Still, he was going to be facing Francisco Rodriguez of the recently redubbed Los Angeles Angels of Anaheim, the 23-year-old fireballer they didn’t call “K-Rod” for nothing. As if there was some doubt to the kid’s effectiveness in this Saturday night Interleague Shea showdown, Rodriguez had just struck out David Wright to start the bottom of the ninth. The Mets trailed 2-1 and were down to their final two outs when Willie Randolph chose Anderson to hit for fellow utilityman Chris Woodward.

Anderson chose this moment to do something no Met had ever done before, on a 3-1 pitch from K-Rod. We pick up the action from Gary Cohen on WFAN:

Fastball driven in the air toward right-centerfield…chasing back is Finley…on the track, reaches out…

CAN’T GET IT! Kicks it away! It’s rolling toward the corner!

Anderson around second! He’s on his way to third! Finley’s tracked it down! Anderson is being…WAVED AROUND! He’s comin’ to the plate…the relay throw…he slides…


It’s an inside-the-park-home run! And it ties the game!

Marlon Anderson with an inside-the-park home run…he is shaken up…Jose Molina arguing the call, Mike Scioscia out as well, but Marlon Anderson has tied the game at two and two with an inside-the-park home run. Finley tried to field it on the warning track, kicked it toward the corner, and Anderson came all the way around ahead of the relay throw by Adam Kennedy…

Anderson still down on his knees as Mike Herbst and Willie Randolph look after him, but with his FIRST home run as a New York MET, Marlon Anderson has tied the game, and as he gets to his feet, he gets a ROUSING ovation from the crowd at Shea Stadium!

A stunning turn of events, and not just because it was the first pinch-hit inside-the-park home run in New York Mets history. Consider that Anderson was not blessed with great speed, so no wonder he was down on his knees when the play was over.
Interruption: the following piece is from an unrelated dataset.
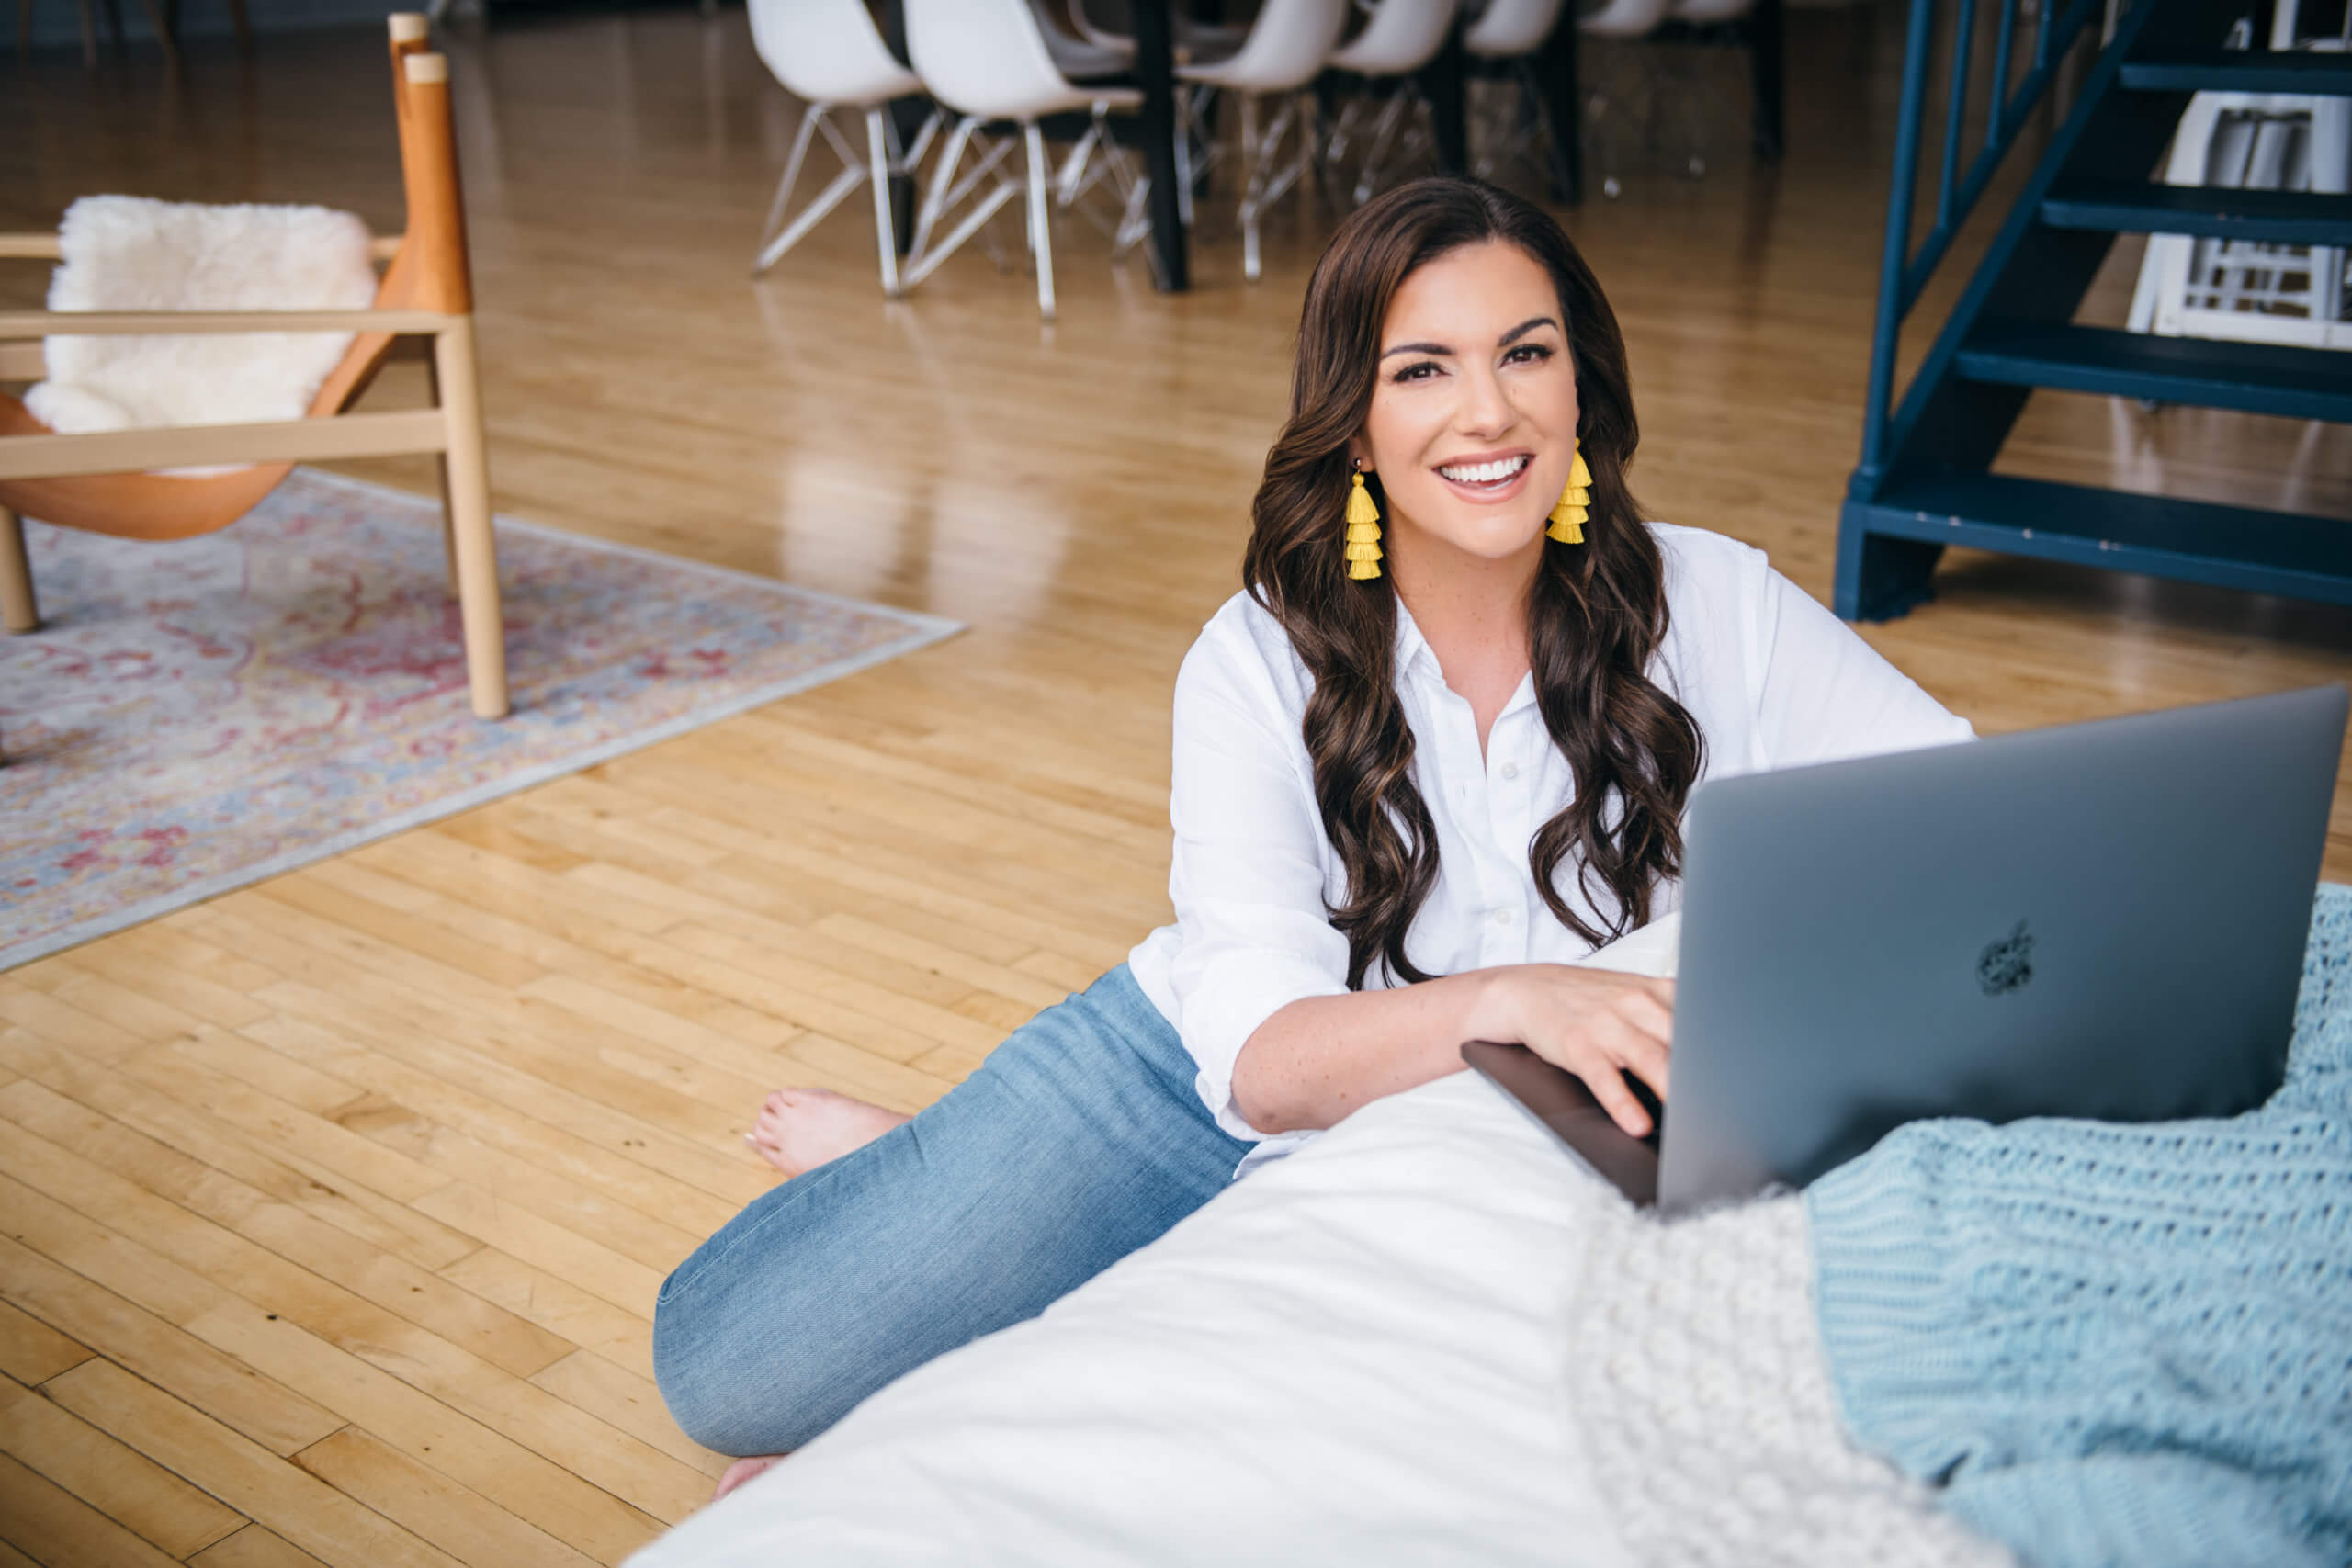 Amy Porterfield is sitting on the floor smiling at the camera with a laptop on the sofa in front of her.

Consider that he hit it between two of the great outfielders of their time, Steve Finley in center and Vladimir Guerrero in right, but the ball eluded them both. Finally, consider what the television replays showed as Anderson huffed and puffed his way around the bases.

He was blowing bubbles. Chewing bubble gum and blowing bubbles from it while tying the score at three.

Marlon was hardly the only star of what became a 5-3, ten-inning Mets win. Kris Benson had pitched seven strong innings, allowing his only two runs on a double play grounder to Bengie Molina (later replaced in a double-switch by his brother Jose) and a Kennedy sac fly. He got his last out when Carlos Beltran robbed Molina (Bengie) of a two-run homer with a leaping grab at the center field wall. Aaron Heilman followed with two scoreless frames. After Anderson’s PHITPHR — and K-Rod’s subsequent strikeouts of Kaz Matsui and Doug Mientkiewicz — Braden Looper was nicked for an unearned run in the tenth. Jose Reyes, turning 22 that Saturday, opened the bottom of the tenth by reaching first base on a pop fly over third that fell into very shallow left. He moved to second on Mike Cameron’s seven-pitch walk against Brendan Donnelly and, after Beltran and Mike Piazza struck out, stole himself a birthday present — third base — with two down.

That little surprise came on the eighth pitch of Donnelly’s battle to the bone versus Cliff Floyd (the Angel reliever thought time had been called). Floyd, healthy and thriving as a Met after two injury-riddled seasons, jumped on the ninth pitch from the rattled Donnelly — who threw 32 pitches in all in the tenth — and sent it soaring into the Flushing night for a three-run game-ending homer.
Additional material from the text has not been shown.